Фостер ласково похлопал по блестящему боку.
– Ты моя девушка, – объявил Джерри. – Ты прекрасна. Я люблю тебя. Слышишь? Люблю безумно.
Фостер достал из кармана монетку и тут увидел, как в бар вошел коренастый брюнет и подсел к мужчине в твидовом костюме. После короткой беседы, завершившейся рукопожатием, коренастый вытащил из кармана записную книжку и что-то пометил.
Фостер достал бумажник. У него уже были неприятности с Сэмми, и больше он не хотел. Букмекер весьма ревностно относился к своим финансовым делам.
Джерри пересчитал деньги, моргнул, снова пересчитал; в животе мерзко екнуло. То ли он их потерял, то ли его обманули, но денег не хватало…
Сэмми это не понравится.
Яростно принуждая затуманенные мозги шевелиться, Фостер прикинул, как выиграть время. Сэмми его уже заметил. Если бы выбраться через черный ход…
В баре стало слишком тихо. Страстно желая какого-нибудь шума, чтобы скрыть свое состояние, Фостер обратил наконец внимание на монетку, зажатую в пальцах, и торопливо сунул ее в прорезь джук-бокса.
В лоток для возврата монет посыпались деньги.
Шляпа Джерри оказалась под лотком почти мгновенно. Четвертаки и десятицентовики лились нескончаемым потоком. Джук-бокс взорвался песней, и под царапанье иглы из автомата понеслись звуки «Моего мужчины», заглушая шум денег, наполнявших шляпу Фостера.
Наконец поток иссяк. Фостер стоял как вкопанный, молясь богам-покровителям, когда к нему подошел Сэмми.
Жучок посмотрел на все еще протянутую шляпу.
– Эй, Джерри! Сорвал куш?
– Ага, в клубе поблизости. Никак не могу разменять. Поможешь?

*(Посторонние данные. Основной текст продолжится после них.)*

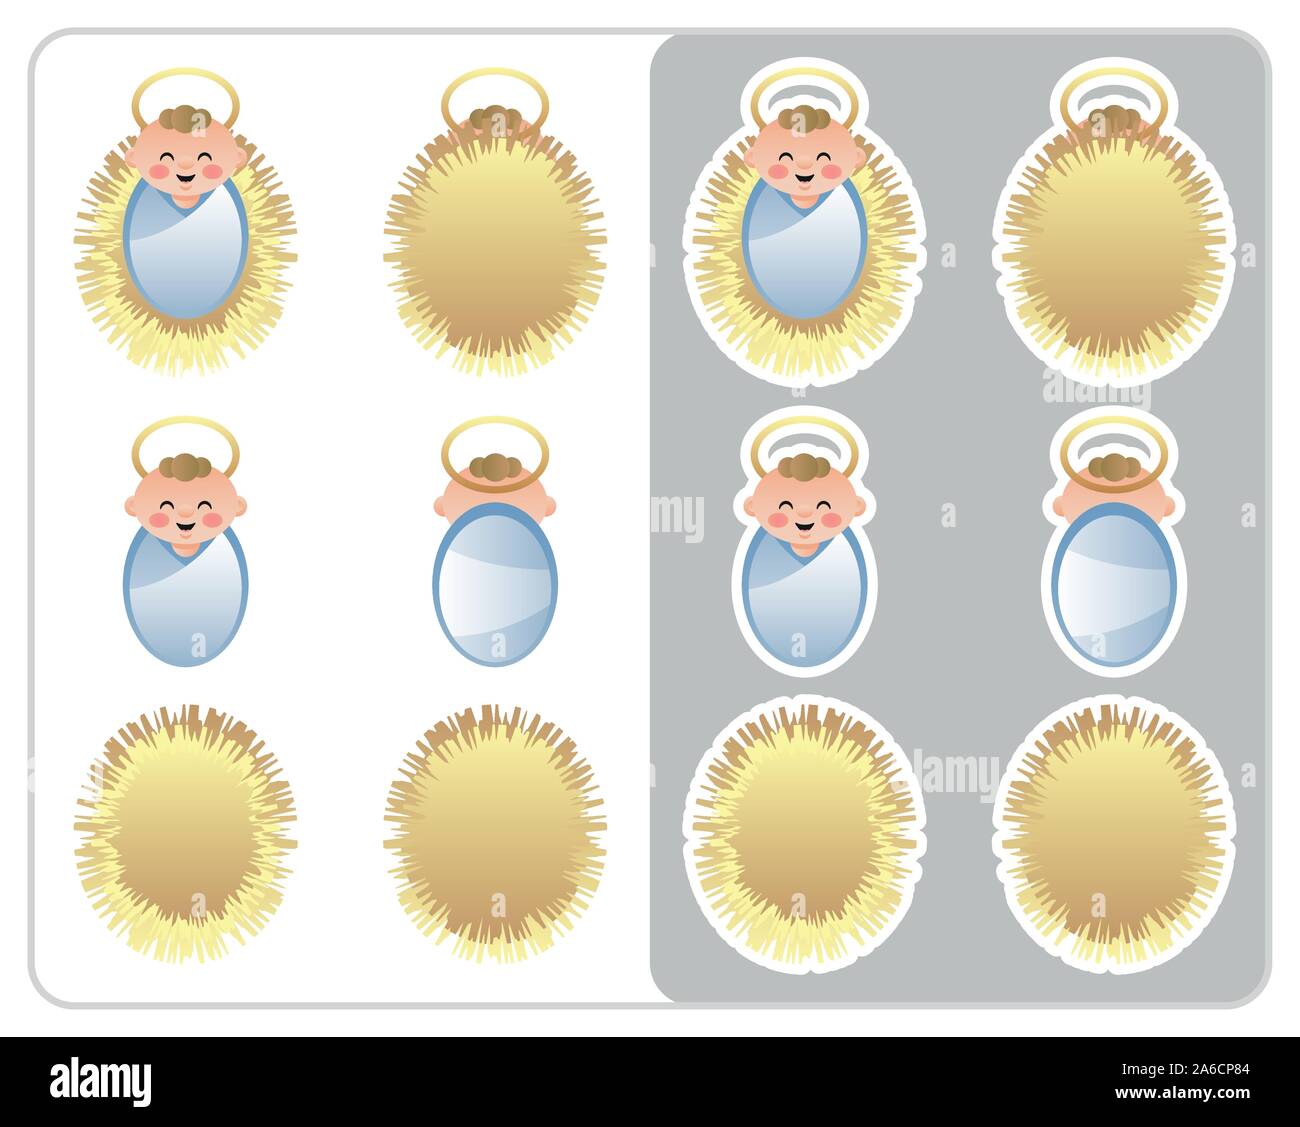 Doppelseitige Geburt Symbol und Aufkleber der Baby Jesus und der Krippe. Cute cartoon Charakter. Vector Illustration ohne Transparenz. Stock Vektor

– Черт побери, я не разменная касса, – усмехнулся Сэмми. – Свое возьму зелененькими.
Фостер опустил позвякивающую шляпу на крышку автомата и отсчитал купюры, а недостаток покрыл выуженными четвертаками.

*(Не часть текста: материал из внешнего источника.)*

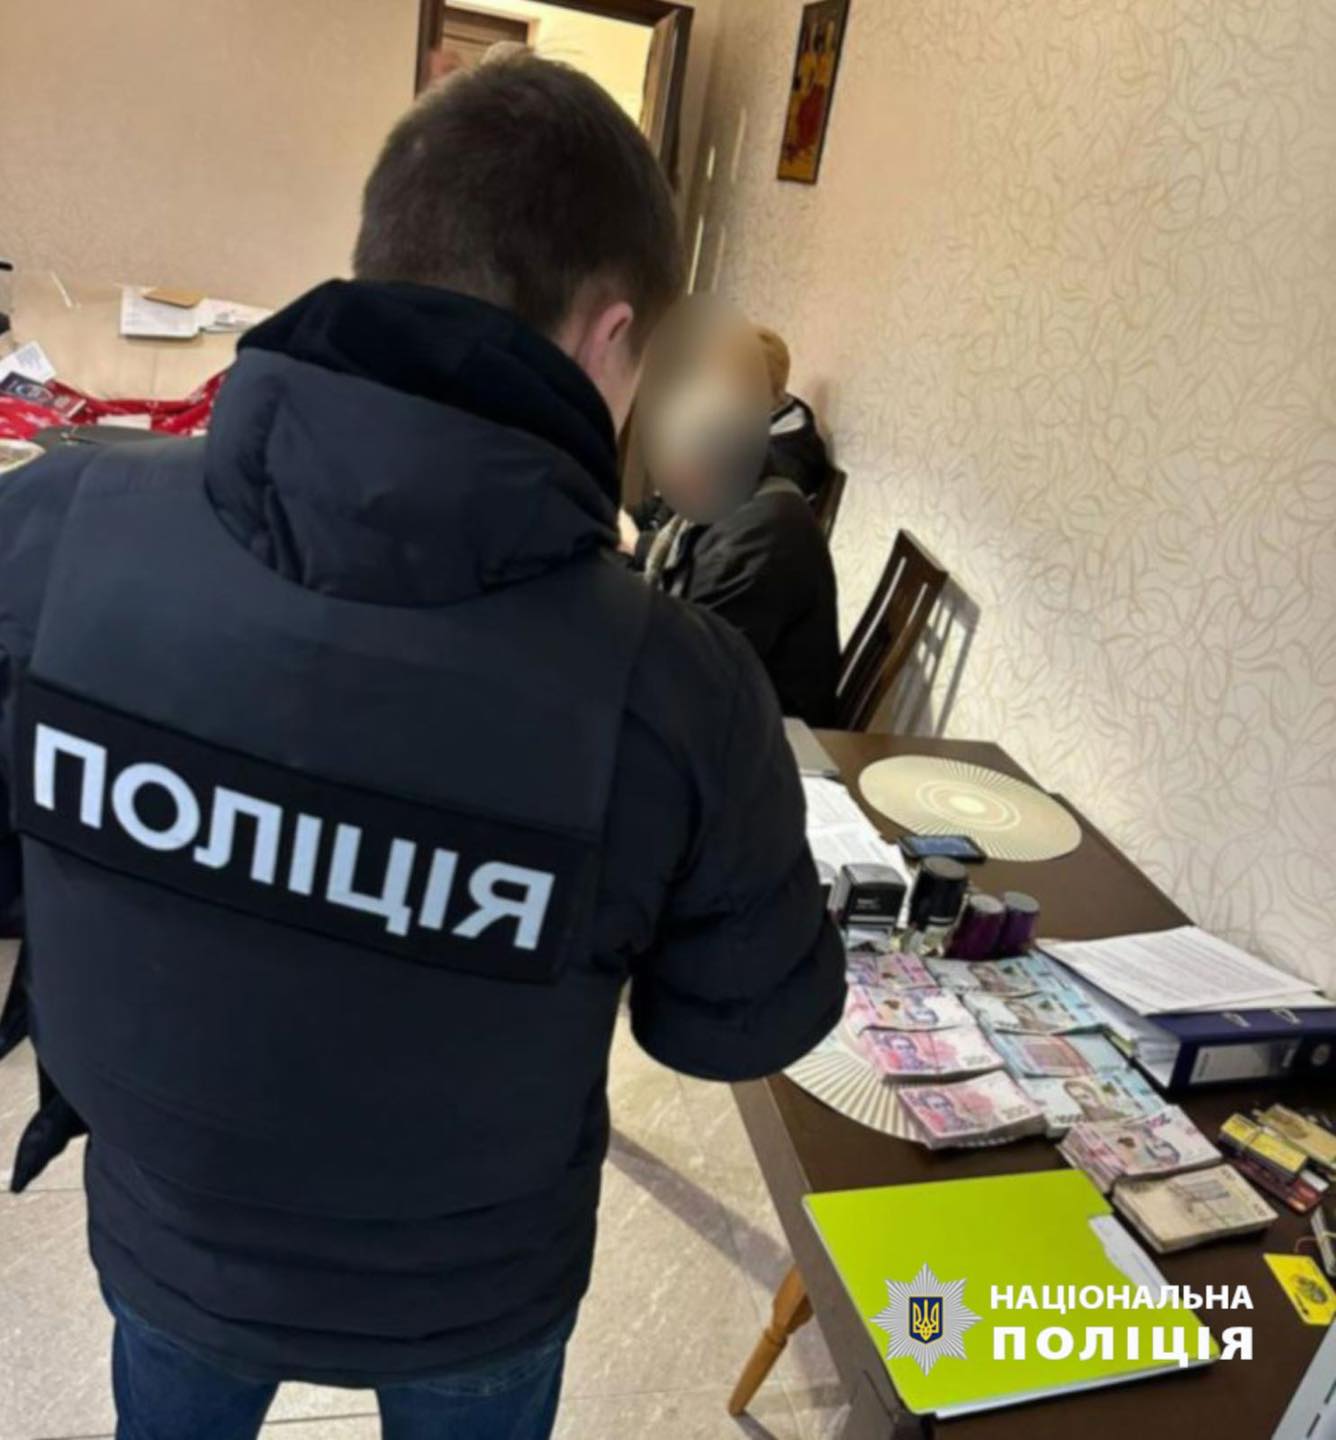 На Днепропетровщине группа дельцов нанесла 3,7 млн гривен убытков на ремонте столовой для военных

– Благодарю, – сказал Сэмми. – Право, жаль, что твоя лошадка оказалась слабовата.
– «О, любовь, что длится вечно…» – заливался джук-бокс.
– Ничего не поделаешь, – отозвался Фостер. – Может быть, в следующий раз повезет.
– Хочешь поставить?
– «Если все вокруг станет плохо вдруг, то спасенья круг бросит верный друг…»
Фостер вздрогнул. Последние два слова песни поразили его, возникли из ниоткуда и намертво, как почтовый штамп, засели в голове. Больше он ничего не слышал; эти слова звучали на все лады нескончаемым эхом.
– Э… верный друг, – пробормотал он. – Верный…
– A-а… Темная лошадка. Ну ладно, Верный Друг, третий заезд. Как обычно?
Комната начала вращаться, но Фостер сумел кивнуть. Через некоторое время он обнаружил, что Сэмми пропал; на джук-боксе стоял лишь его бокал рядом со шляпой. Джерри, наклонившись, вперился сквозь стекло во внутренности автомата.
– Не может быть, – прошептал он. – Я пьян. Но пьян недостаточно. Нужно выпить еще.
С отчаянием утопающего он схватил бокал и двинулся к стойке.
– Послушай, Остин… Этот джук-бокс… он как, хорошо работает?
Остин выдавливал лимон и не поднял глаз.
– Жалоб нет.
Фостер украдкой бросил взгляд на автомат. Тот по-прежнему стоял у стены, загадочно блестя хромом и полировкой.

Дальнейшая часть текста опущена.